In “PSA: Stop Helping the Bad Guys, You Twitterers,” he talks about the cutely-named “TweetSmart” campaign in the State of Washington, where law enforcement is “asking” people “to stop tweeting during shootings and manhunts to avoid accidentally telling the bad guys what officers are doing.”
Because, as Scott points out — using nicer language than I employ here — it really fucks things up when criminals stop to check Twitter in the midst of a chase, and thereby manage to evade police.
As the original Associated Press article — in a quote also highlighted by Scott — mentioned:
Seattle photographer Michael Holden said he saw a direct path between asking people not to share crime photos and eventually forbidding them to take them.
A—-yup! It is a direct, short, and often quickly traversed path.

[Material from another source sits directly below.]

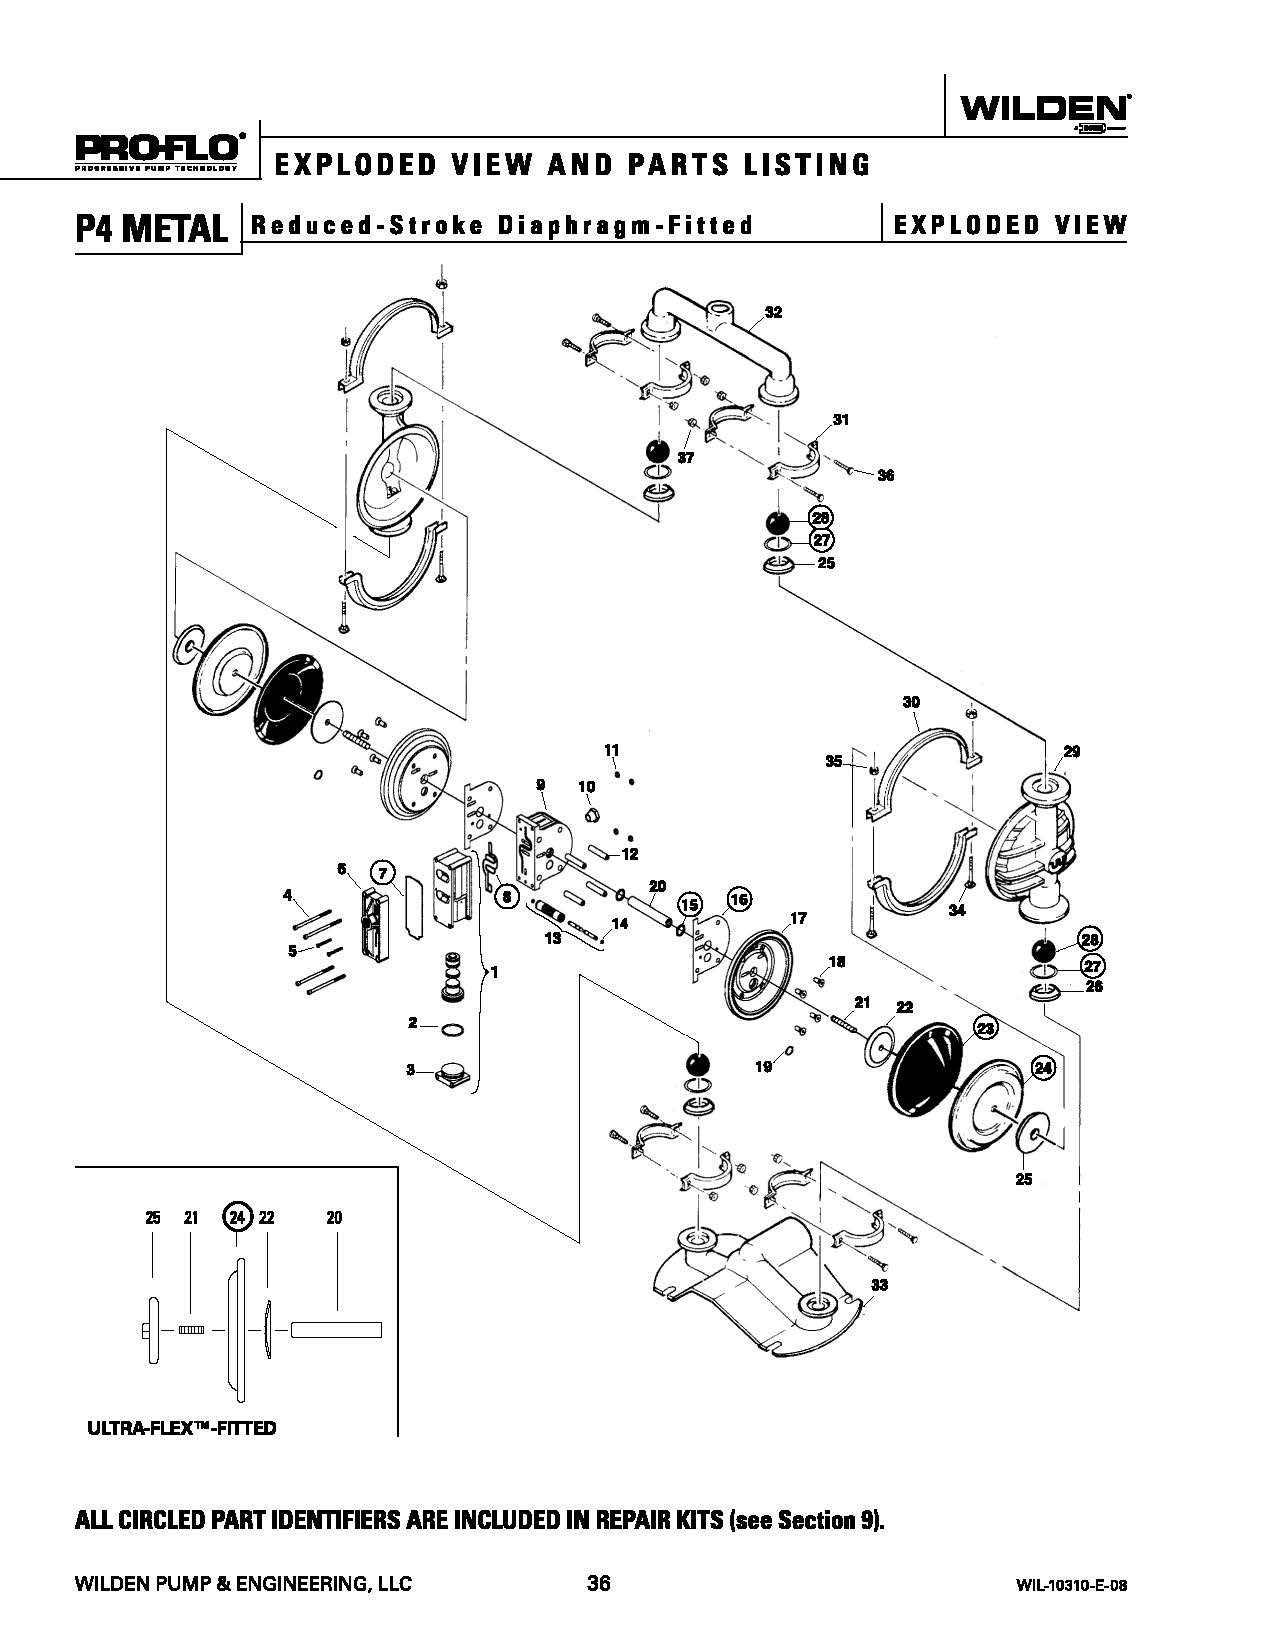 Wilden P4 Original Metal Reduced Stroke
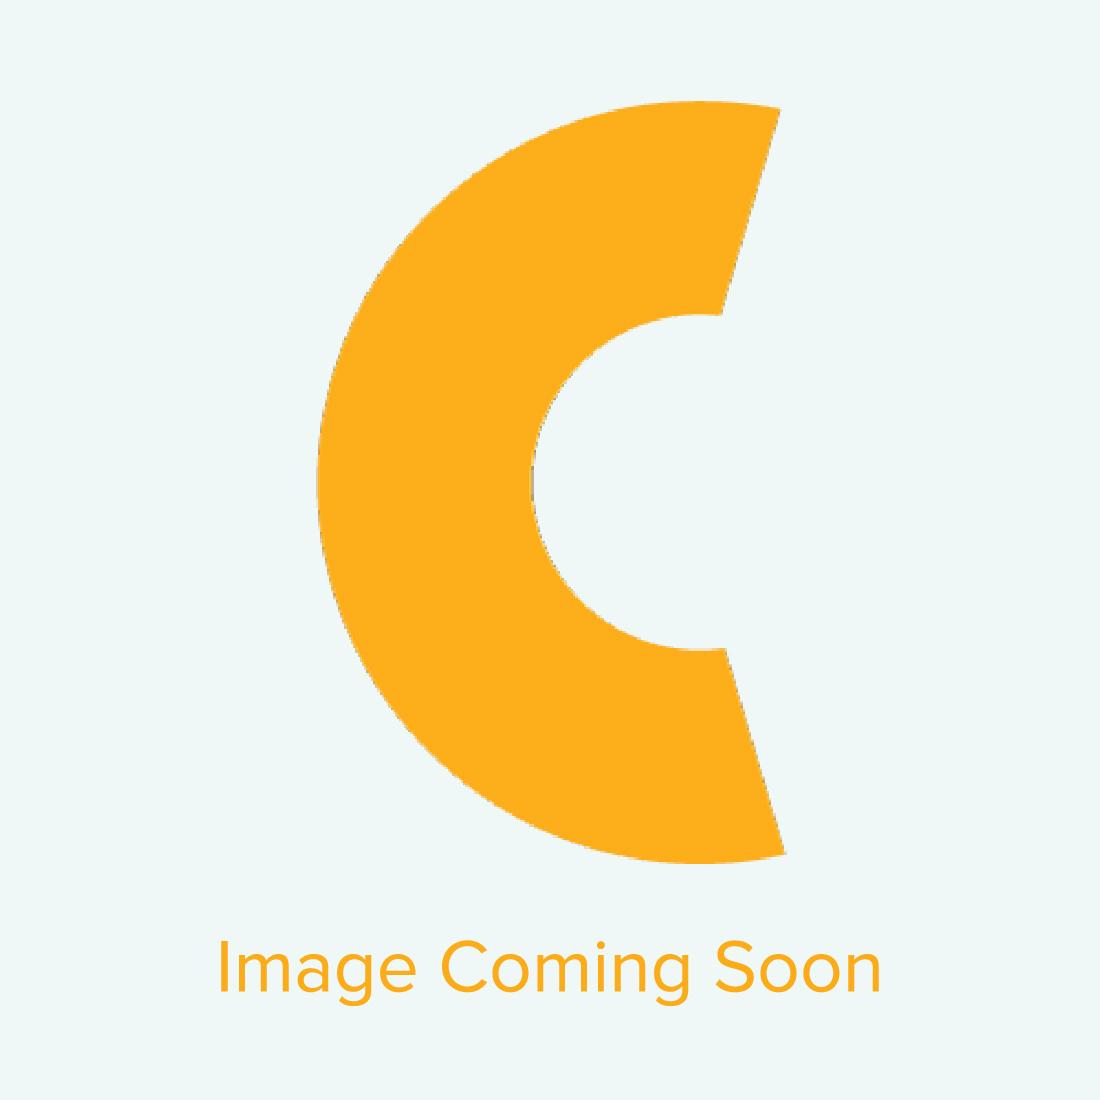 "Long Rectangle Sublimation Insert for Bezel Pendant – 0.5"" x 2"" (25/case)"

Stopping people, including reporters, from taking pictures was very much in evidence in Ferguson the last two weeks. This demonstration — by the police; I’m not referring to that of the protesters — was ironic in that police proceeded as if there were no First Amendment, in order to run roughshod over nearly every other portion of the Constitution that should have prevented them from doing just about everything they did there.
And there lies the real danger in Sound of Silence: the First Amendment can easily be seen as the Amendment that protects all other Amendments — and the rest of the Constitution. It’s not just that the First Amendment is part of the panoply of unalienable rights we hold: when the protection of the First Amendment is gone, you can bet the rest of our freedoms are essentially history — soon-to-be-forgotten history — as well.
Silence — particularly governmentally-enforced silence — is the death of a free democratic republic.